Busalla. Sollecitati dal Coordinamento Comunale dei Giovani del Pdl di Busalla, guidato da Giacomo De Andrea, i consiglieri regionali del Pdl Rosso, Bagnasco e Garibaldi hanno presentato un’interrogazione urgente in Regione per chiedere alla giunta di dotare il territorio, vista la chiusura dell’Ospedale Frugone, di un ambulatorio medico che possa garantire un servizio di assistenza sanitaria ai residenti 24 ore al giorno.

“Sarebbe una bella ipotesi quella di prevedere, insieme all’apertura della RSA, anche quella di un ambulatorio medico con un punto di primo intervento”, dichiarano i tre esponenti del Popolo della Libertà.

“I cittadini sono molto preoccupati – fanno presente i consiglieri regionali del centro destra – Come bene ci è stato fatto presente dal Coordinatore dei Giovani di Busalla De Andrea anche sulla vicenda della RSA vi sono alcuni timori relativamente all’apertura del centro, più che altro sui tempi dei lavori di riconsegna della struttura a seguito della ristrutturazione che si sta effettuando sull’immobile sede dell’ex ospedale”.

Il coordinatore comunale dei Giovani del Pdl di Busalla Giacomo De Andrea invece sottolinea: “l’automedica di cui si è parlato nell’Odg approvato all’unanimità dal Consiglio regionale deve essere di supporto ad un ambulatorio fisso e collocato in un sistema sanitario adeguato per le esigenze della valle”.

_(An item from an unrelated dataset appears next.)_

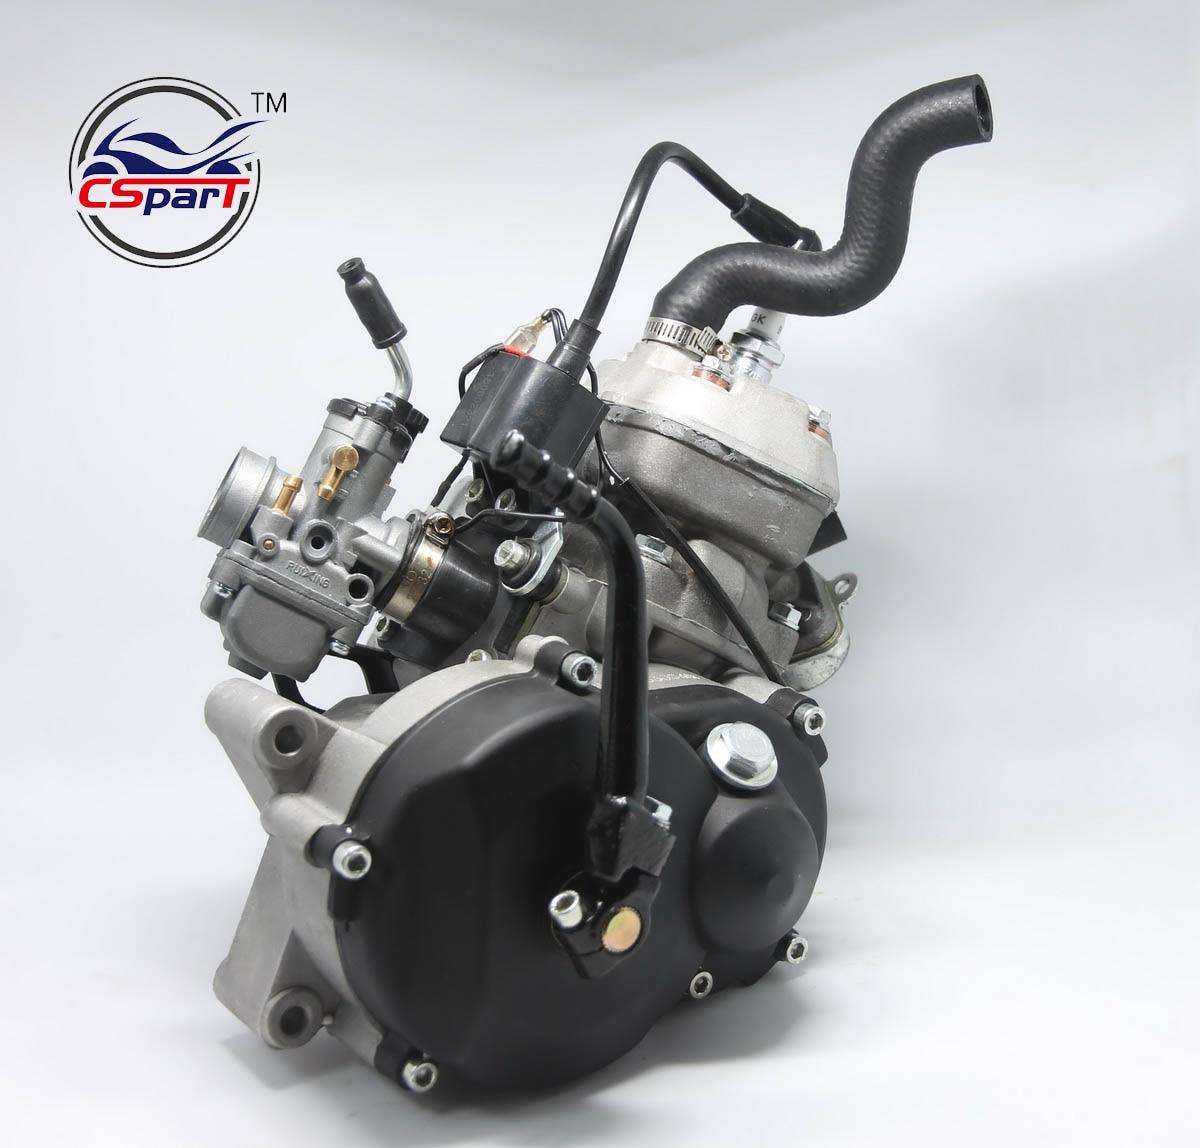 65CC מים מקורר מנוע עבור 05 KTM 65 SX פרו בכיר עפר בור צלב אופניים

Rosso, Bagnasco e Garibaldi infatti ricordano che a febbraio l’assessore Montaldo prendendo parte ad un incontro aveva dichiarato che in primavera la RSA sarebbe stata operativa “ purtroppo invece le voci che circolano parrebbero non così positive”.

“Non possiamo non rispondere alle esigenze del territorio: devono essere garantite le adeguate condizioni di assistenza sanitaria ad un comprensorio come la Valle Scrivia che ricomprende un bacino di popolazione evidentemente assai ampio. Una vallata che conta oltre 25 mila abitanti deve necessariamente avere un ambulatorio ed un punto di primo intervento”, concludono i tre rappresentanti regionali del Pdl.